The CLM is designed to run either as a CLI tool for launching clusters directly from your development machine, or as a controller running as a single instance operating many clusters.

It is designed in a reentrant way meaning it can be killed at any point in time and it will just continue any cluster updates from where it left off. All state is stored in the Cluster Registry and the git configuration repository.

For a better understanding on how we use the CLM within Zalando, see the 2018 KubeCon EU talk:

Current state

The CLM has been developed internally at Zalando since January 2017. It's currently used to operate 80+ clusters on AWS where the oldest clusters has been continuously updated all the way from Kubernetes v1.4 to Kubernetes v1.9 by the CLM.

It is currently tightly coupled with our production cluster configuration, but by making it Open Source and developing it in the open going forward we aim to make the CLM useful as a generic solution for operating Kubernetes clusters at scale.

Features

  • Automatically trigger cluster updates based on changes to a Cluster Registry defined either as an HTTP REST API or a yaml file.
  • Automatically trigger cluster updates based on configuration changes, where configuration is stored in a remote git repository or a local directory.
  • Perform Non-disruptive Rolling Updates of nodes in a cluster especially with respect to stateful applications.
  • Declarative deletion of decommissioned cluster resources.

How to build it

This project uses Go modules as introduced in Go 1.11 therefore you need Go >=1.11 installed in order to build.
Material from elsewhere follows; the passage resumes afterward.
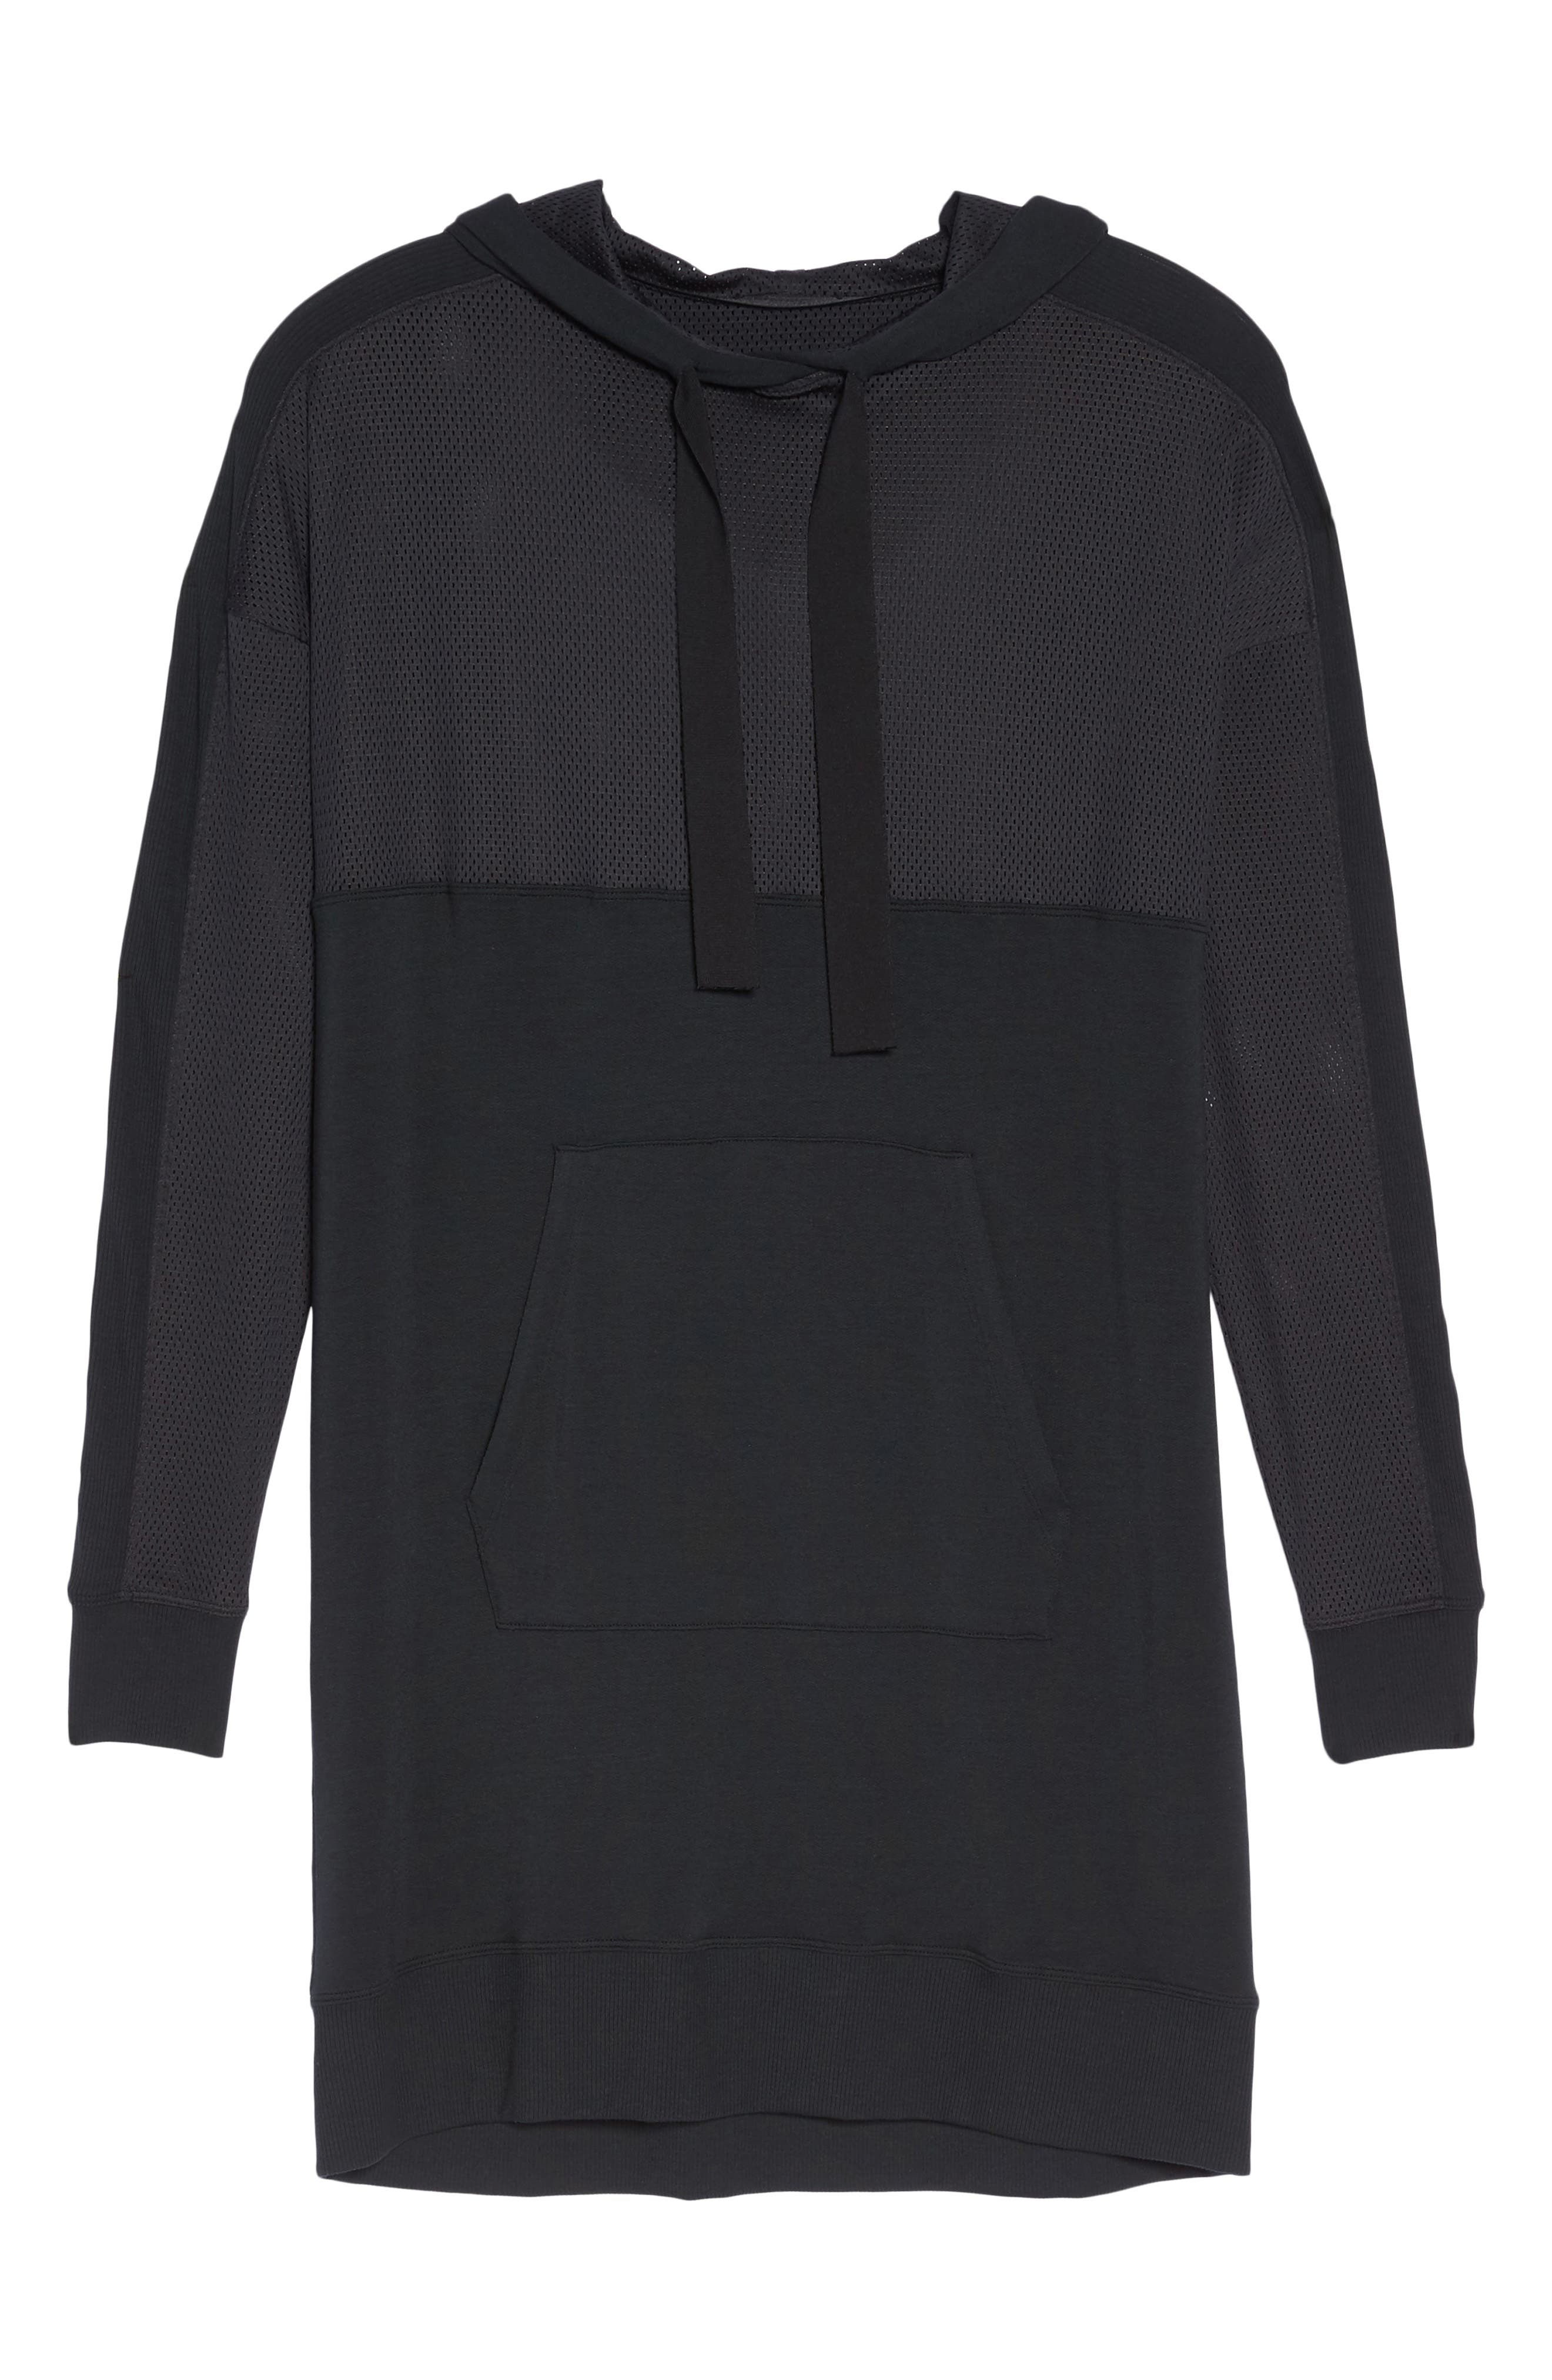 Range Dress,                             Alternate thumbnail 7, color,                             Black

If using Go 1.11 you also need to activate Module support.

Assuming Go has been setup with module support it can be built simply by running:

export GO111MODULE=on # needed if the project is checked out in your $GOPATH.
$ make

How to run it

To run CLM you need to provide at least the following information:

  • URI to a registry --registry either a file path or a url to a cluster registry.
  • A $TOKEN used for authenticating with the target Kubernetes cluster once it has been provisioned (the $TOKEN is an assumption of the Zalando setup, we should support a generic kubeconfig in the future).
  • URL to repository containing the configuration --git-repository-url or, in alternative, a directory --directory

Run CLM locally

To run CLM locally you can use the following command. This assumes valid AWS credentials on your machine e.g. in ~/.aws/credentials.

$ ./build/clm provision \
  --registry=clusters.yaml \
  --token=$TOKEN \
  --directory=/path/to/configuration-folder \
  --debug

The provision command does a cluster create or update depending on whether the cluster already exists. The other command is decommission which terminates the cluster.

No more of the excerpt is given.